Cl, 0.2-23.1%) scored positive for peptide VSFELFADK (SEQ ID NO: l), and none for peptide FEDENFILK (SEQ ID NO:2) (Dataset S7).

It was notable that 11 of 17 (64.7%) of the plasmas from patients with early-stage ovarian cancers scored positive for PPIA peptides, while 32 of 46 (69.6%) of the plasmas from patients with more advanced cancers scored positive (combining phase 2b and phase 3; Dataset S7). For comparison, CA125 levels were measured in a subset of the same cohort. CA125 was elevated in 20 of 63 ovarian cancer patients and in none of 50 healthy controls. The elevations in CA125 and PPIA did not completely overlap, so that the sensitivity for detection of either CA125 or PPIA levels was 74.6% (95% Cl, 62.1-84.7%), higher than either alone (see Venn diagram in Fig. 7).

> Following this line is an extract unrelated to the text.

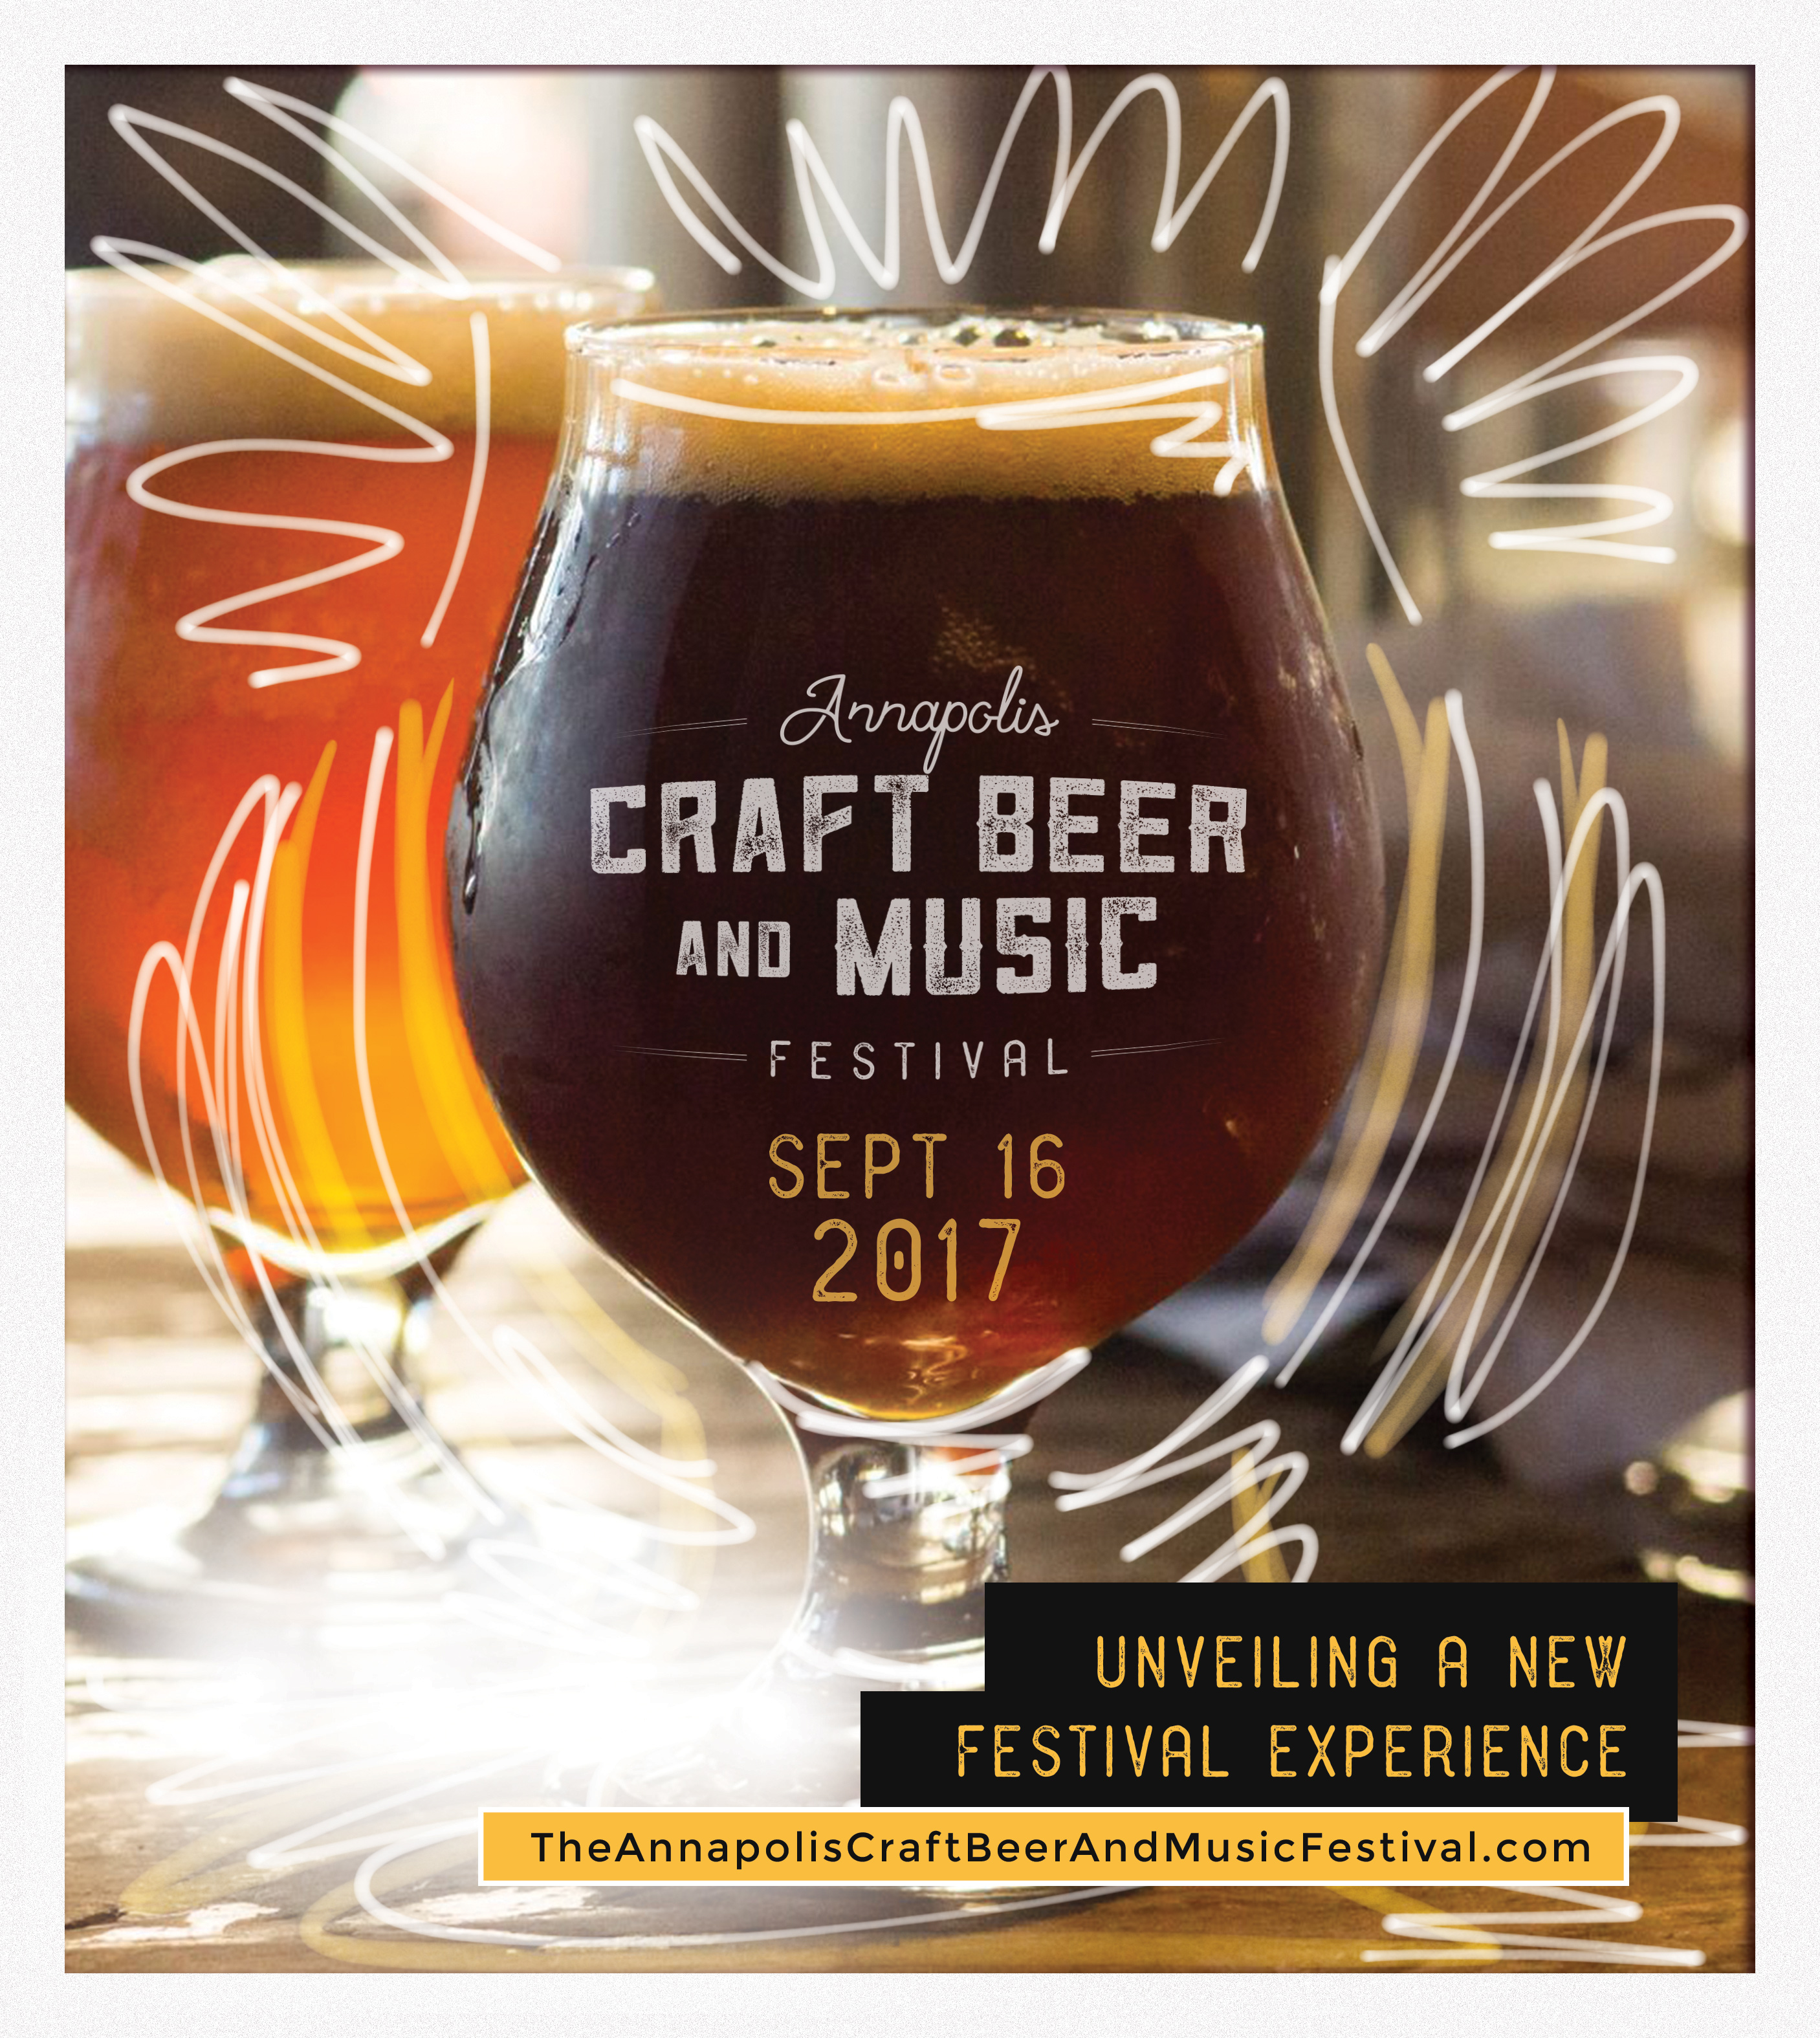 Partners summer 2017 upstart annapolis for Craft beer market share 2017
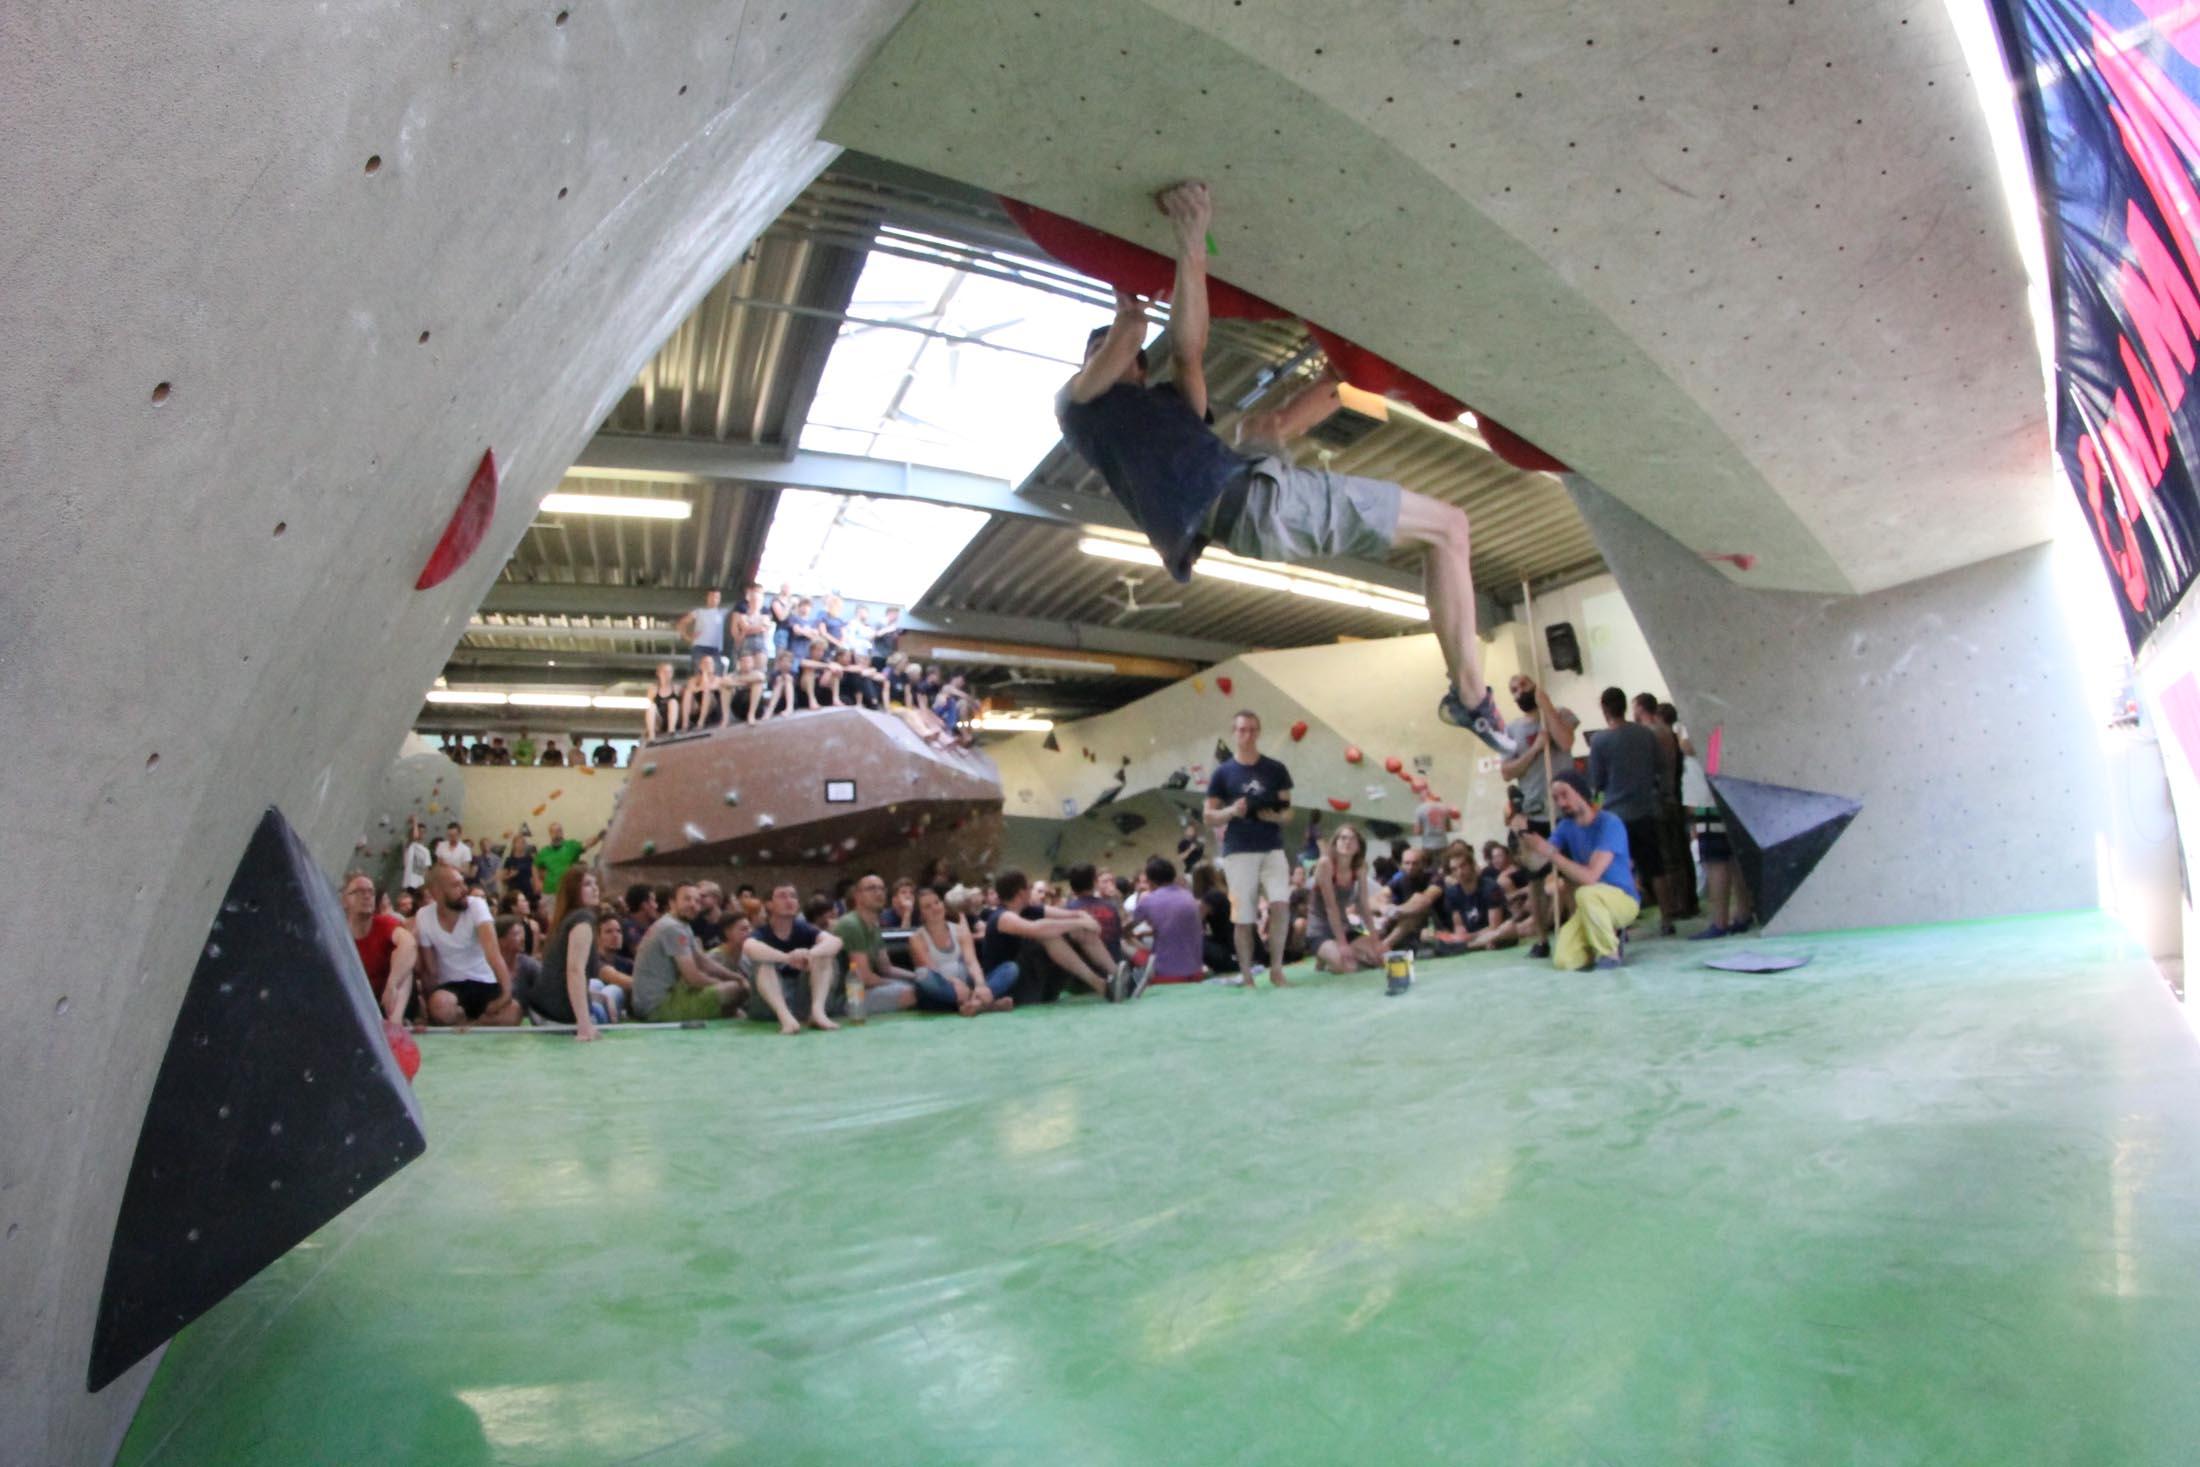 Finale, internationaler bouldercup Frankenjura 2016, BLOCKHELDEN Erlangen, Mammut, Bergfreunde.de, Boulderwettkampf07092016622

These results demonstrate that SAFE-SRM can be used as a generalizable method for discovering disease-specific peptides in the circulation. Specifically, the SAFE-SRM method was used to identify and validate peptides from PPIA that can be used as a circulating peptide marker to identify mammals as having ovarian cancer.

OTHER EMBODIMENTS

It is to be understood that while the invention has been described in conjunction with the detailed description thereof, the foregoing description is intended to illustrate and not limit the scope of the invention, which is defined by the scope of the appended claims. Other aspects, advantages, and modifications are within the scope of the following claims.